What I’m Learning about Myself in Becoming a Chocolatier

Like most things, it’s a process of becoming. I didn’t wake up one day, say I wanted to be a chocolatier, and there I was. Well, actually I did wake up one day and say that, and it has been a process of manifesting ever since!

One thing to be clear about is that I am currently what is called a chocolatier and not a chocolate maker. Though they sound similar, they are actually quite different. Chocolate makers are engaged with the chocolate making process from start to finish – or from bean to bar, as many say. This gives them the opportunity to really get to know where their beans are grown, the conditions in which they are grown, harvested, roasted (or not), marketed, and packaged, as well as the labor conditions at all of these stages. Artisanal chocolate makers are looking for the subtle flavours that are associated with the places where the beans are grown, the weather and other conditions that influence these flavours (known as terroir), as well as the fermentation and roasting processes they undergo. Chocolate makers typically use cane sugar as their sweetener as it’s tasteless and so doesn’t interfere with the various flavor notes of the beans they are trying to showcase in a particular bar. It’s a very exciting and important new food experience at the creation, as well as the consumption, levels.
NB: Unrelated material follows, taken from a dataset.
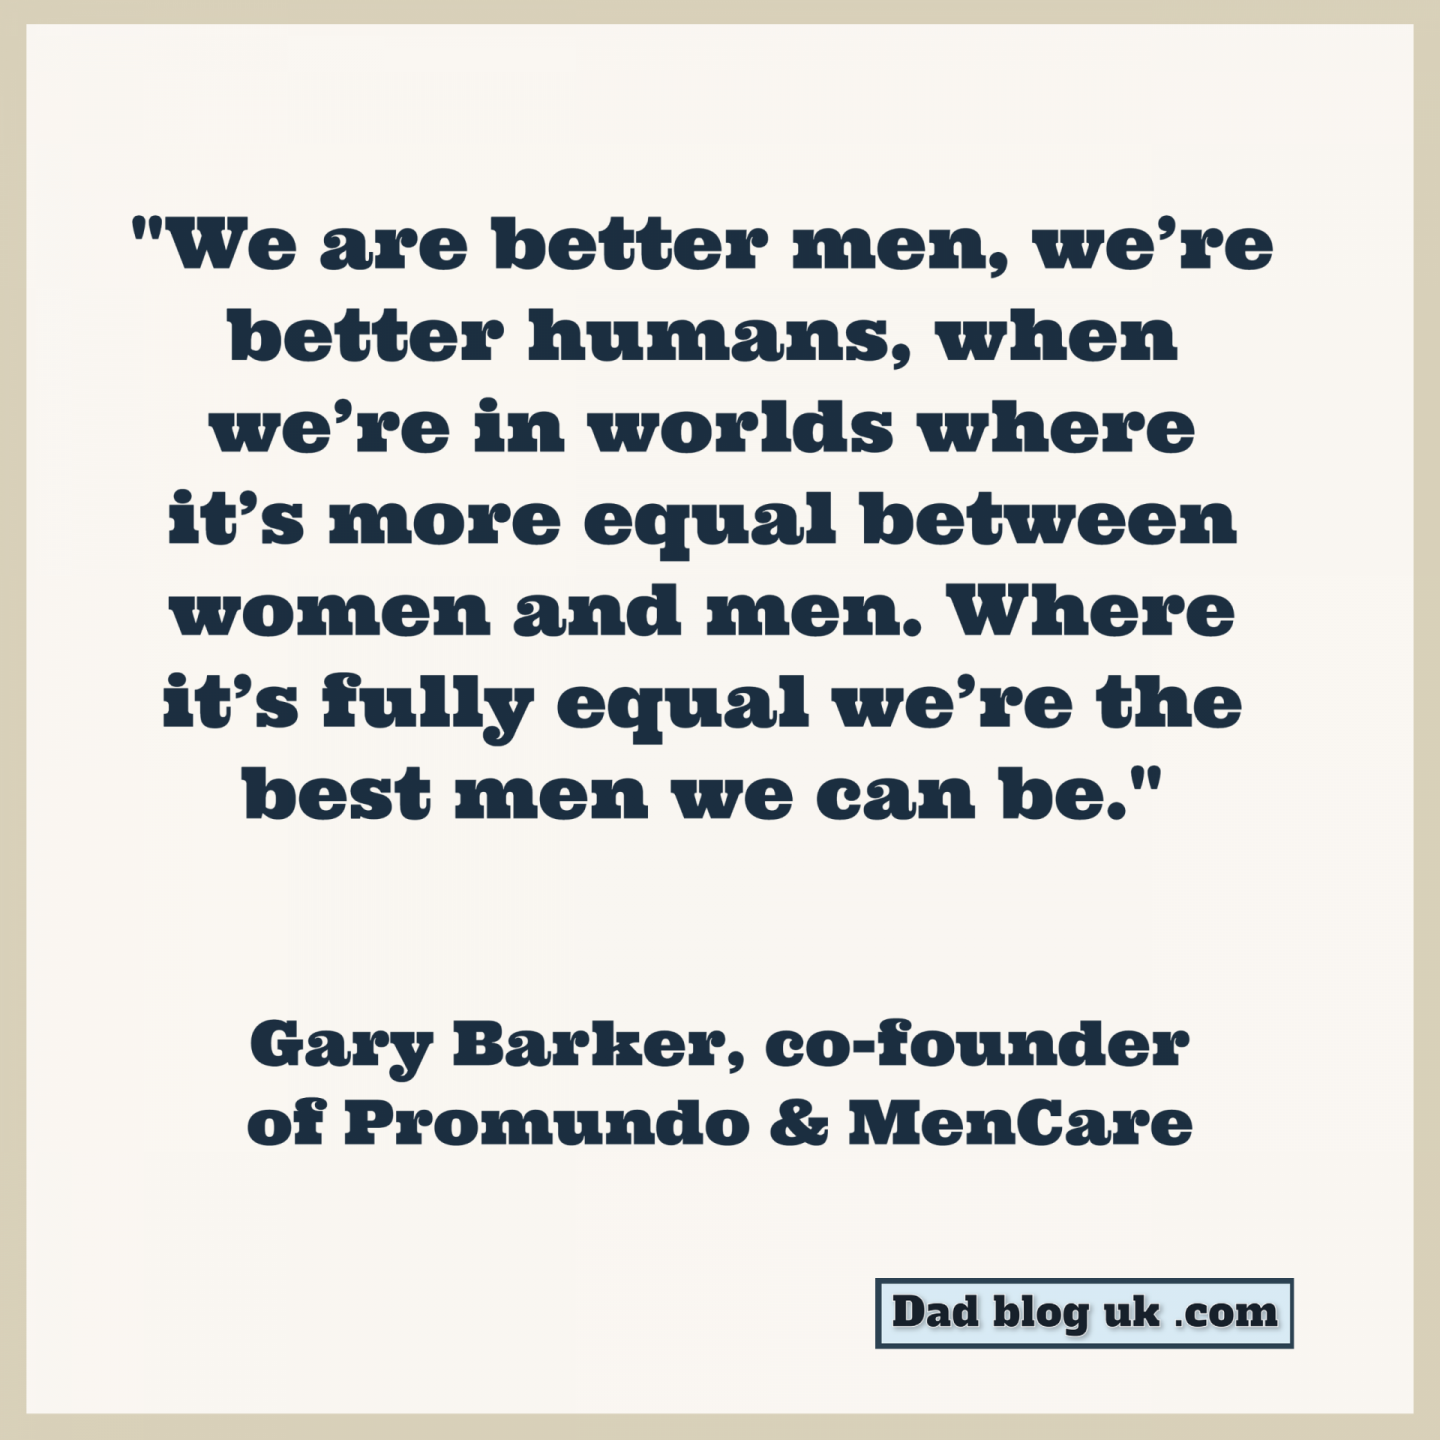 Quote from Gary Barker of Prmundo and Mencare

However, this is not what I do. Being a chocolate maker means heavy investment in travel and equipment – and I’m not there. At least not yet! I really would like to invest in a tabletop chocolate grinder, though my partner has yet to be convinced that this is a wise choice, as we live in a tiny house (220 sq. ft.). I suspect she is right, for a number of reasons, but I haven’t let go of the idea. And where there’s a will, there’s a way!

Chocolatiers, on the other hand, begin their creative process with cacao beans that have already been processed into cacao paste (also known as cacao liquor), cacao butter, and cacao powder, by chocolate makers. These are the potential base ingredients to our creations, along with a sweetener, flavorings, and inclusions. We are always experimenting with recipes, different flavors and flavor combinations, sweeteners, and fillings, as well as mold shapes and forms. I’ve learned that what chocolate looks like clearly affects whether people like what they are eating or not. How fascinating is it that our sense of taste is not only about our taste buds but also about our experiences, associations, and brains! I love all this.

And there’s plenty of evidence that I’m a really good chocolatier, yet I seem to always want to learn something new – to get better at what I’m already good at! So I’m often ordering chocolate from others or travelling to places where chocolate is made – either by chocolate makers or chocolatiers.

As a fine flavor chocolate purchaser and consumer we are used to the neat, often colourlful packaging that chocolate comes in. So it was a bit of a surprise to me when I set out on my chocolatier adventure to learn that crafting chocolate is really messy! Inevitably, no matter how careful I try to be, at some point there is chocolate everywhere. Sometimes I can’t even imagine how I managed to get chocolate there! This has been a challenge for me as, if there’s one thing I am not in life generally, it’s messy. I like things to be where they belong. My childhood was very messy and so I’ve consciously chosen as an adult to have control over this part of life. I am neat, contained. Things go away when not being used, surfaces are clear, I don’t buy more than what I need. Living in a tiny house makes this a requirement. My general experience is that if my life is messy on the outside, then it feels chaotic and cluttered on the inside as well. And those are feelings I’m not particularly fond of.

Being a chocolatier is teaching me that it’s not only okay to be messy in this particular realm, it can actually be a good thing (in manageable doses!). For a while I thought it was just about me, and that when I got really good the messiness would go away. However, I’ve watched and heard one of my raw chocolate making mentors, Amy Levine, demonstrate that everything isn’t always wrapped up into a nice neat package. She ends up with chocolate everywhere too! And it does help to have someone to clean up. I’m sure she has kitchen aides galore, but my partner’s quite happy to help by licking the various bowls and spoons before they find their way into the sink for a good wash.

Another thing I’ve learned in terms of what appeals to me about making chocolate is that I’m always learning. As much as I enjoy teaching others how to make raw chocolate, I equally enjoy continuing to gain new knowledge and develop different skills in this realm myself. I discovered quite early on that I didn’t want to manufacture chocolate, turning out the same perfect bars or bonbons over and over again. I love the creative and inventive aspects of chocolate making, even though it is often the opposite of neat and controlled. I like exploring taste and flavor combinations and textures – in the mouth and in the eyes and to the nose. There is so much more to chocolate than buying and eating the same old bar off the shelf.

Becoming a chocolatier is so much more of an experience than I could have imagined when I started out. I now know I’m on a journey that will likely keep me growing and leaning for the rest of my life. And my family, friends, course participants, and other consumers are glad to hear it!